Severity P1. Impact: T22’s Section 4/5 variance explanation says the pre-period event-study horizons have “dose ... zero across the board” and therefore “nothing to localize to,” then uses that premise to explain the survey-vs-naive SE pattern (docs/tutorials/22_had_survey_design.ipynb:L474-L479, docs/tutorials/22_had_survey_design.ipynb:L564-L571). That is not the shipped HAD event-study contract: the implementation and registry are explicit that the single regressor is D_{g,F} reused for every horizon, including pre-period placebos (diff_diff/had.py:L1827-L1838, docs/methodology/REGISTRY.md:L2556-L2560). As written, the tutorial teaches the wrong mechanics for placebo-horizon inference. Concrete fix: rewrite those passages to state that event-study placebos still regress Y_{g,t} - Y_{g,F-1} on period-F dose variation, and base any SE-ratio explanation on horizon-specific outcome differences / IF weighting rather than on “zero-dose” localization.

Code Quality

No findings.

Performance

No findings.

Maintainability

No findings.

Tech Debt

No findings. The remaining survey-path limitations are still properly documented as deferred work rather than silent behavior changes (docs/survey-roadmap.md:L165-L170, docs/methodology/REGISTRY.md:L2452-L2454).

Security

No findings.

Documentation/Tests

Severity P3. Impact: the release-note / registry text says the new drift suite locks the weighted _fit_continuous identity, but test_survey_att_matches_weighted_denominator_contract does not compare against the estimator’s actual tau_bc; it only constructs an implied tau_bc = dy_mean_w - att * den_w from the returned ATT and checks finiteness / scale (tests/test_t22_had_survey_design_drift.py:L625-L669, CHANGELOG.md:L11, docs/methodology/REGISTRY.md:L2577). That makes the prose stronger than the test coverage actually is. Concrete fix: either strengthen the test to compare against the real weighted boundary fit (for example via bias_corrected_local_linear / _fit_continuous) or soften the changelog/registry wording to call this a sanity check rather than an identity lock.
Validation note: static review only. I could not run tests/test_t22_had_survey_design_drift.py because /usr/bin/python lacks both pytest and numpy.

Path to Approval

Fix the T22 Section 4/5 event-study explanation so it matches the shipped HAD contract: pre-period placebos still use D_{g,F}, and the SE discussion should not rely on “dose is zero across the board.”
Either strengthen tests/test_t22_had_survey_design_drift.py::test_survey_att_matches_weighted_denominator_contract to verify the actual weighted boundary-fit identity, or downgrade the CHANGELOG.md / REGISTRY.md wording so it does not claim that identity is locked when it is only loosely sanity-checked.

P1 — T22 §4 + §5 prose claimed pre-period event-study horizons have "dose ... zero across the board" and used that premise to explain the SE pattern.

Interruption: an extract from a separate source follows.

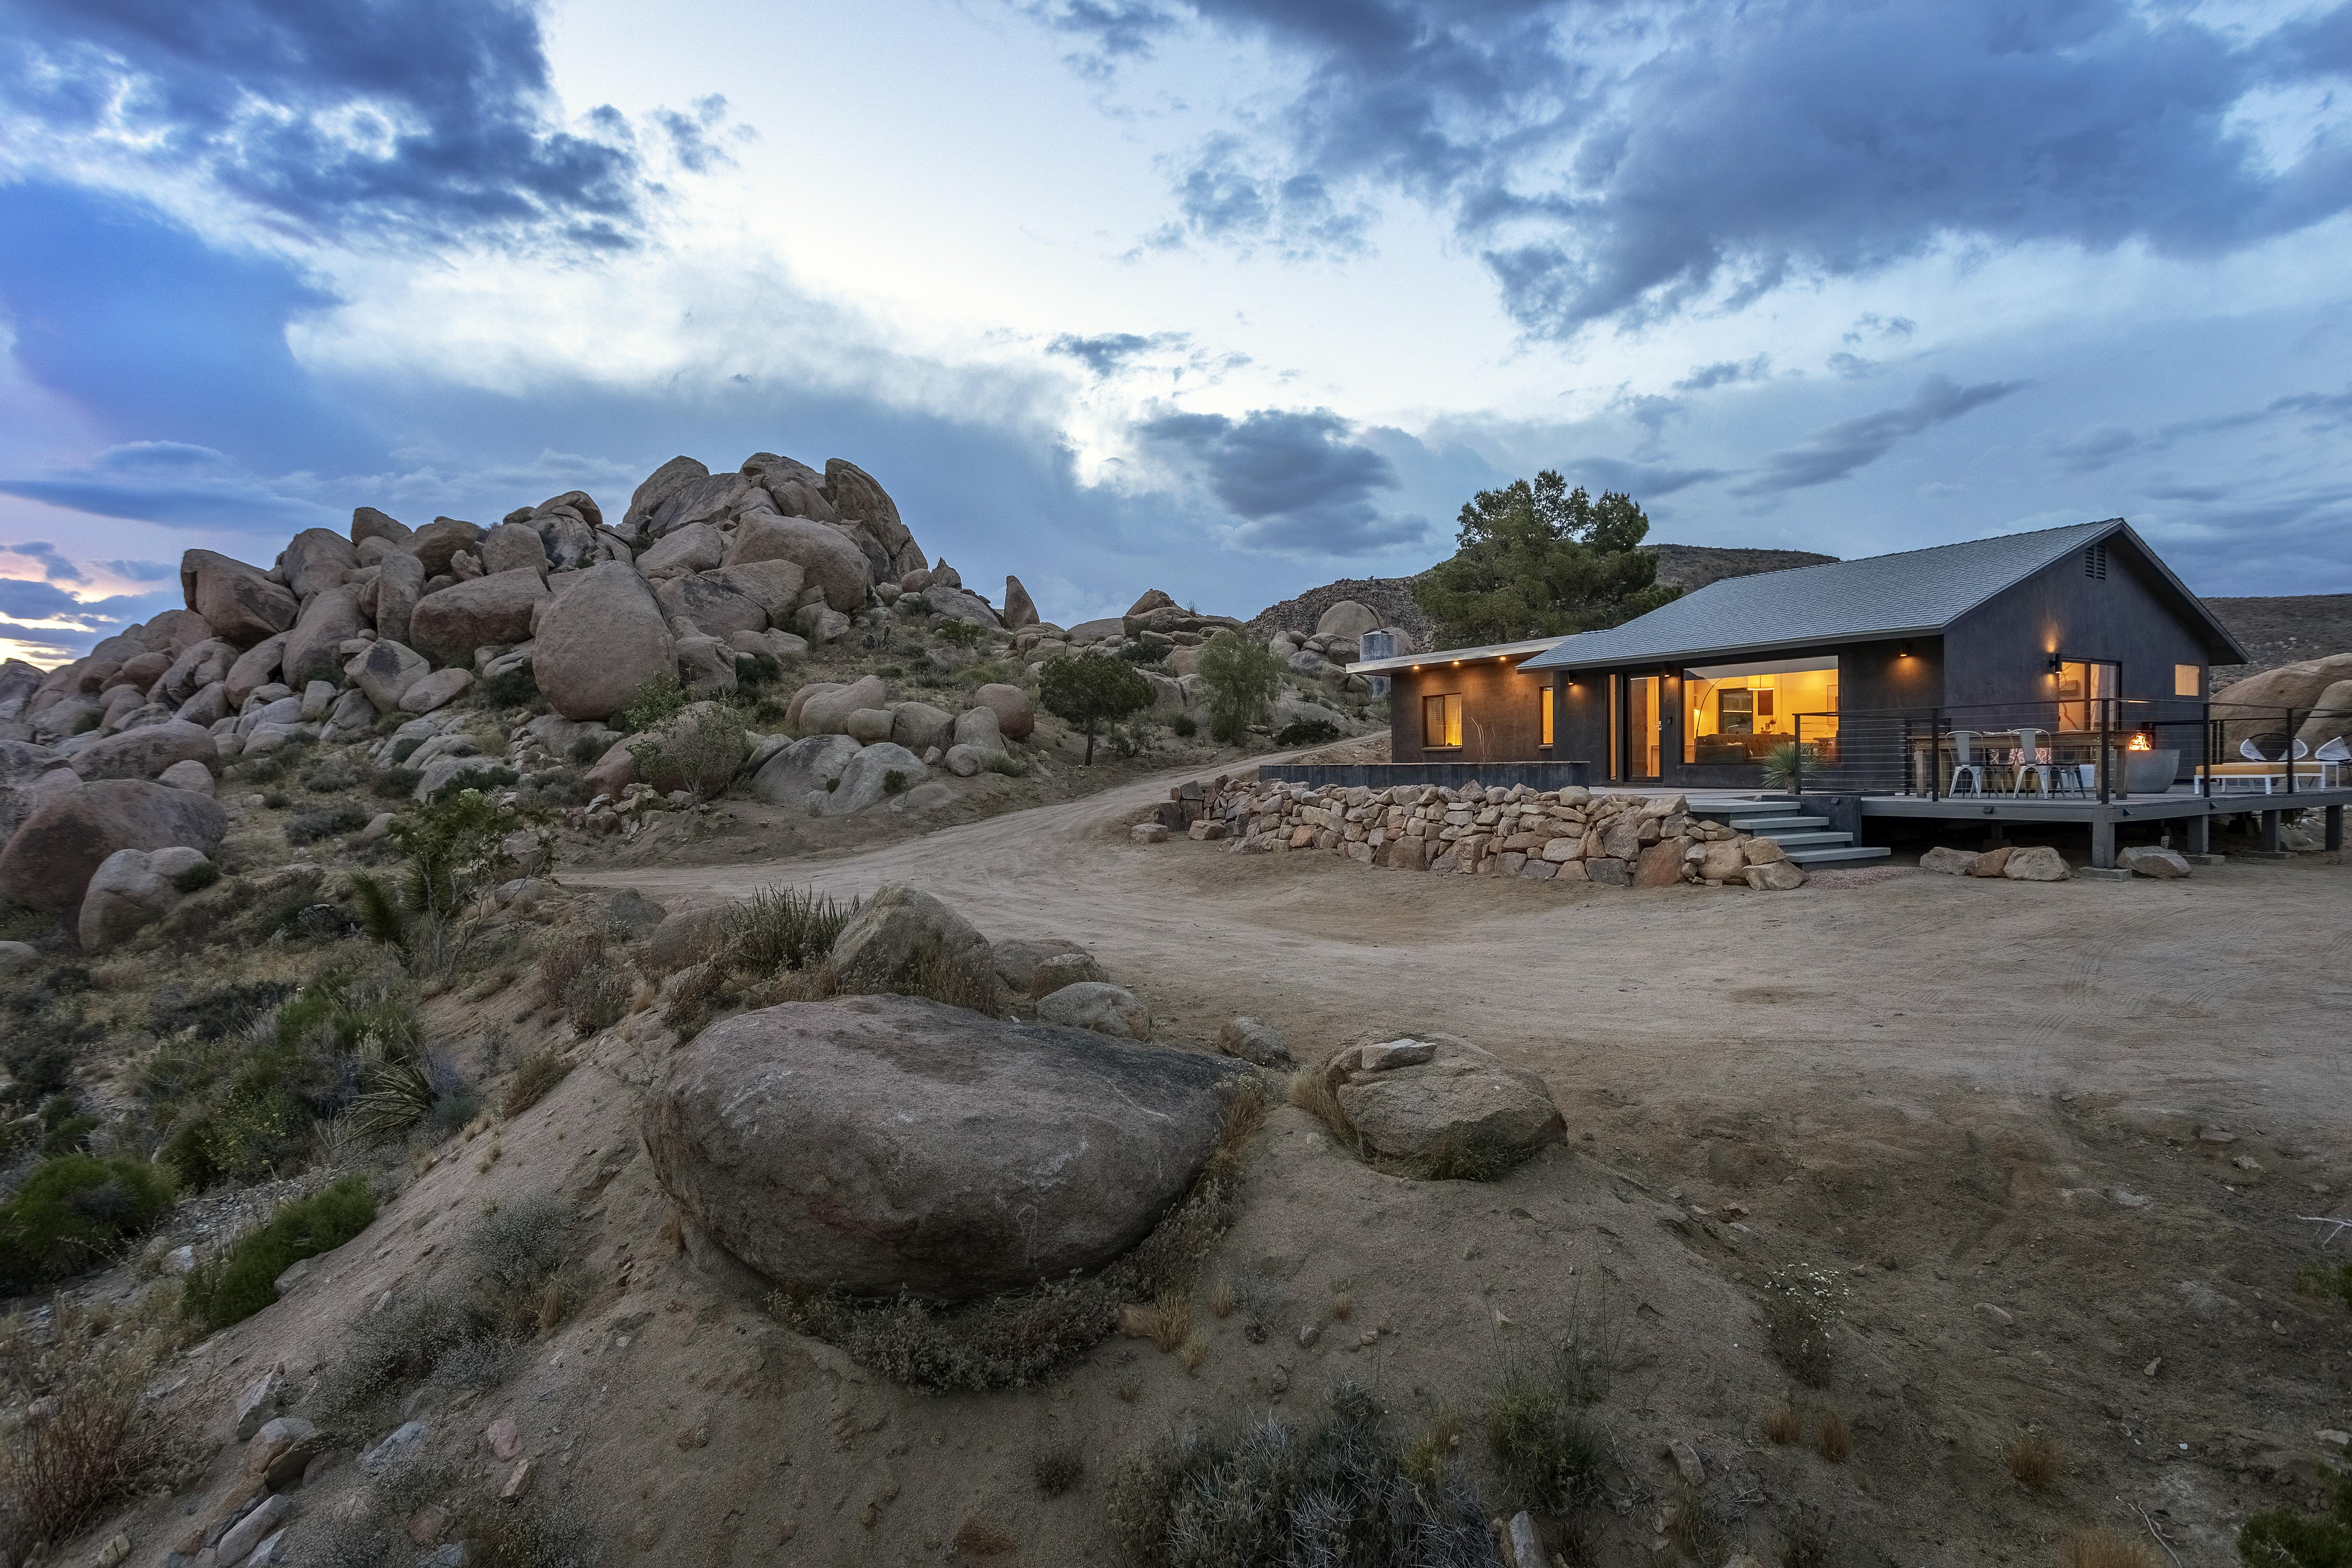 Dakota Haus Hot Tub Cowboy Tub Epic Boulders Houses For Rent In Pioneertown California United States

Per paper Appendix B.2 (`had.py:1827-1838`) the event-study contract reuses `D_{g,F}` as the SINGLE dose regressor for every horizon, including pre-period placebos — the regressor is NOT zero on the pre-period. Rewrote both passages to base the SE-pattern explanation on the outcome-side `ΔY_{g,t} = Y_{g,t} - Y_{g,F-1}`: placebos have small ΔY (within-pre noise only) so the local-linear fits low residual variance and reads small SEs; post-period horizons have ΔY that scales with `slope * D_{g,F}` plus noise, so residual variance is larger and SEs are larger. P3 — `test_survey_att_matches_weighted_denominator_contract` previously only constructed an implied `tau_bc` from the fitted att/den_w and checked finiteness + scale, which is too weak to be called an "identity lock" per the CHANGELOG/REGISTRY prose. Renamed to `test_survey_att_matches_weighted_local_linear_identity` and strengthened to three concrete identities: 1. `survey.effective_dose_mean == np.average(d - d_lower, w)` bit-equal (1e-10). 2. Direct call to `bias_corrected_local_linear` with HAD defaults (`kernel="epanechnikov"`, `alpha=0.05`, `boundary=0`) recovers the SAME `tau_bc` boundary limit the estimator used. 3. `att = (mean_w(dy) - tau_bc) / den_w` matches the fitted `survey.att` to ~1e-13 (verified locally; same float ops on the same inputs). The CHANGELOG/REGISTRY prose now genuinely matches the test coverage. Co-Authored-By: Claude Opus 4.7 (1M context) <noreply@anthropic.com>

github-actions · 2026-05-15T10:59:02Z

🔁 AI review rerun (requested by @igerber)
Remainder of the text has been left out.